- Opening Delimiter -

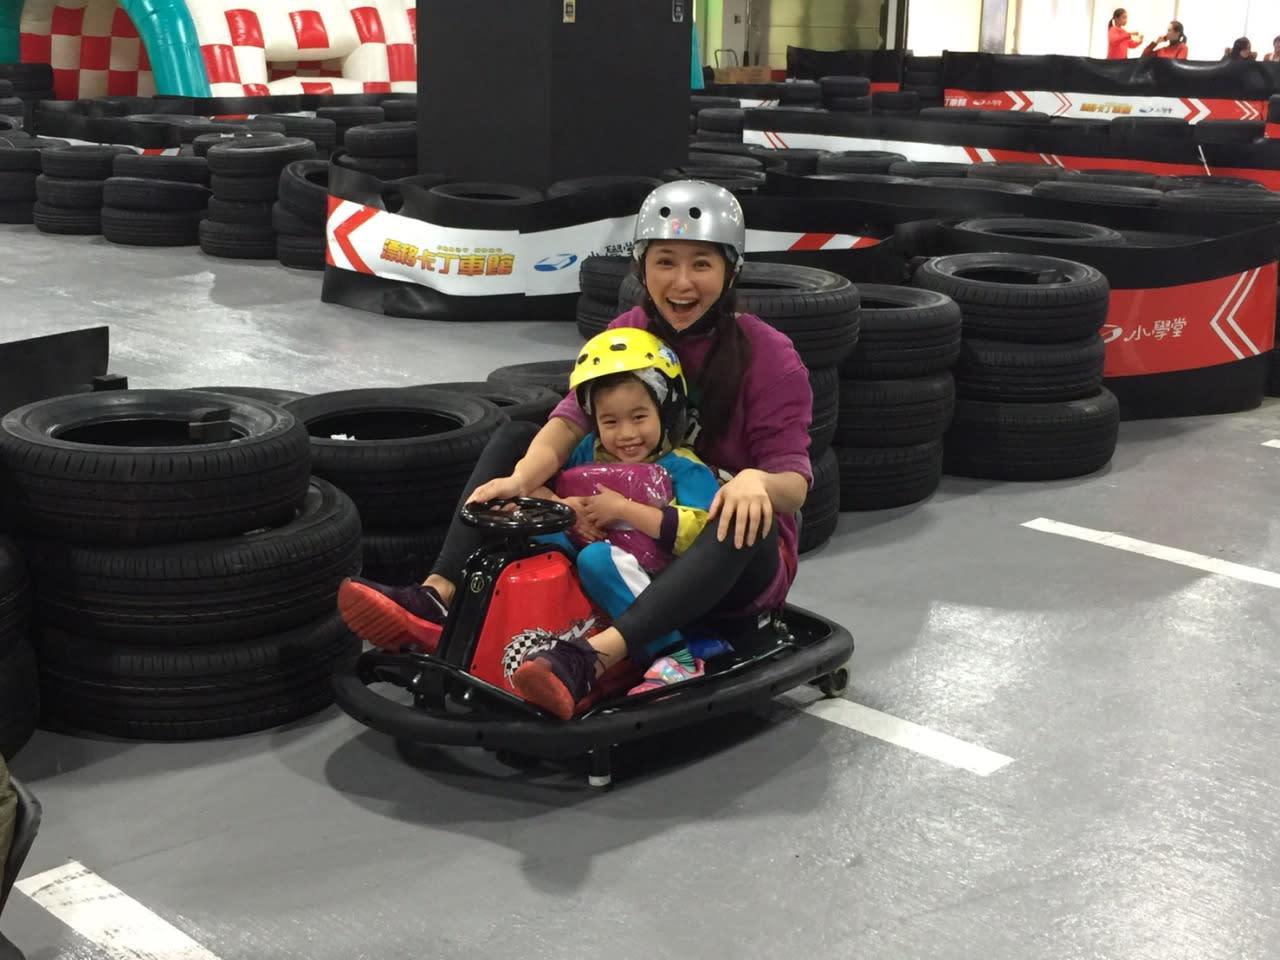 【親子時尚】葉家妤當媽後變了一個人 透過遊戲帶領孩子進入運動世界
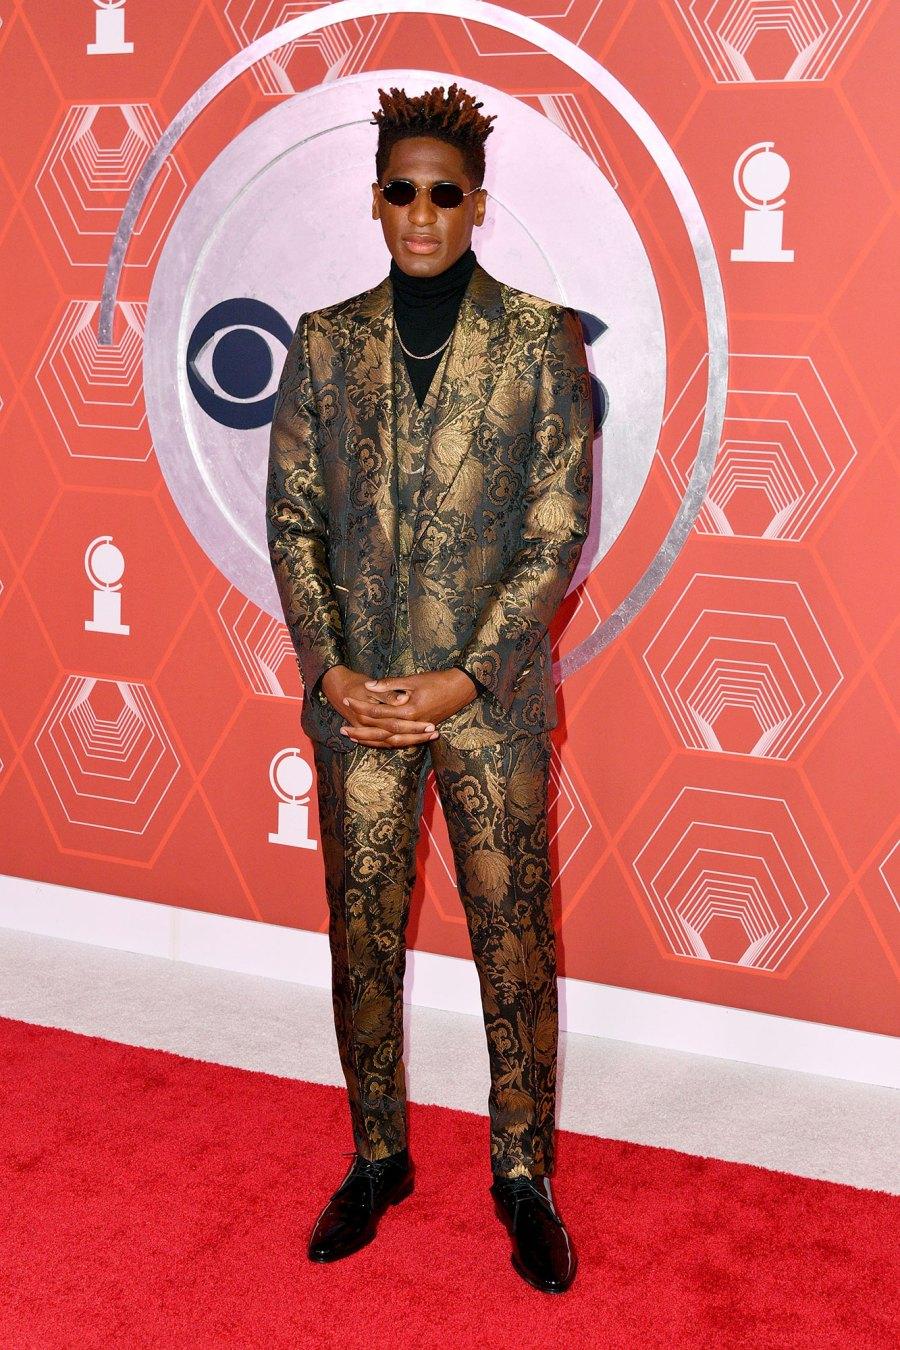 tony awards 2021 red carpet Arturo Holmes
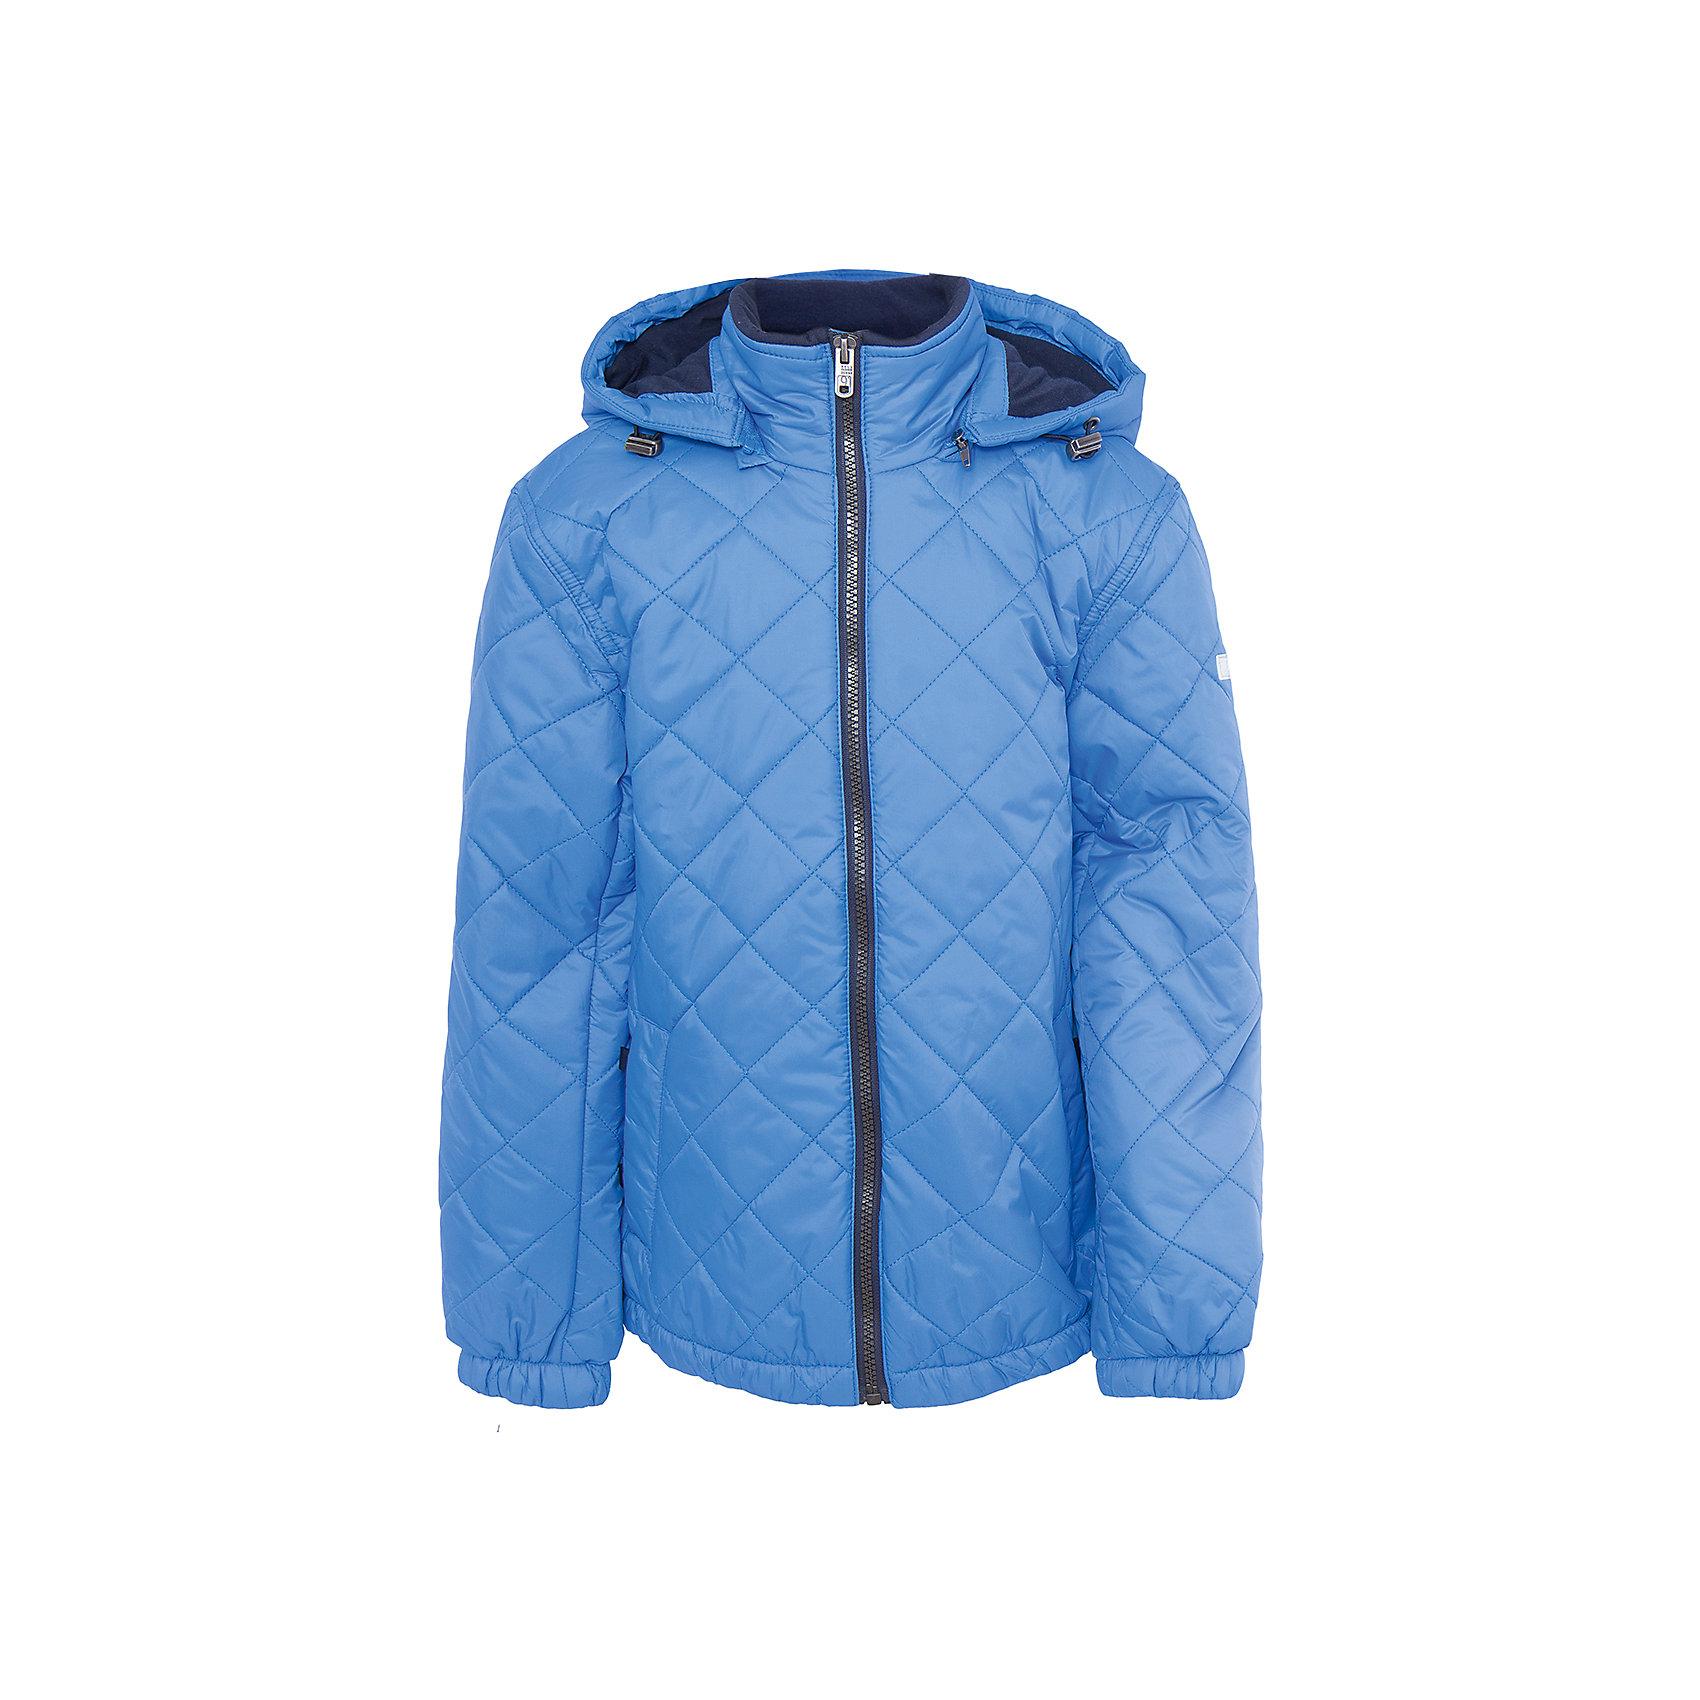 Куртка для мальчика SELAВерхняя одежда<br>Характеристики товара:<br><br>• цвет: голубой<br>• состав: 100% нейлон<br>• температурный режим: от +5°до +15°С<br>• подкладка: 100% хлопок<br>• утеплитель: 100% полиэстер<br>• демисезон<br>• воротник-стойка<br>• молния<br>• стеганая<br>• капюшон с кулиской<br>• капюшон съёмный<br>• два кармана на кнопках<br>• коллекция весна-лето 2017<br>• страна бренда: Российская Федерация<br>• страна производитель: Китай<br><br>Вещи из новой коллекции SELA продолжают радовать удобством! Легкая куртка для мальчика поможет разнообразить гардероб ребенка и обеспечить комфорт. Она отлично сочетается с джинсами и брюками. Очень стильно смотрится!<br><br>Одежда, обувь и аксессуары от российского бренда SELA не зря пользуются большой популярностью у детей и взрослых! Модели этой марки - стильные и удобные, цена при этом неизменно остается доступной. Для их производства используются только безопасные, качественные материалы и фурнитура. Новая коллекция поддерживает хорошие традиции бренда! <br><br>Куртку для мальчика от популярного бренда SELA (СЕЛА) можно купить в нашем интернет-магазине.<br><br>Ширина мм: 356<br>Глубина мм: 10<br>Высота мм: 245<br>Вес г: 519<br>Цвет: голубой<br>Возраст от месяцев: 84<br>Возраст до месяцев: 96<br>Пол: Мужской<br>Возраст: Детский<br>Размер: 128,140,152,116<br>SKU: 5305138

- Closing Delimiter -

Write out nothing but the lines from the start of the data through the line with "tony awards 2021 red carpet Arturo Holmes". Leave out the pictures.

* Finished exercise:
 【親子時尚】葉家妤當媽後變了一個人 透過遊戲帶領孩子進入運動世界
 tony awards 2021 red carpet Arturo Holmes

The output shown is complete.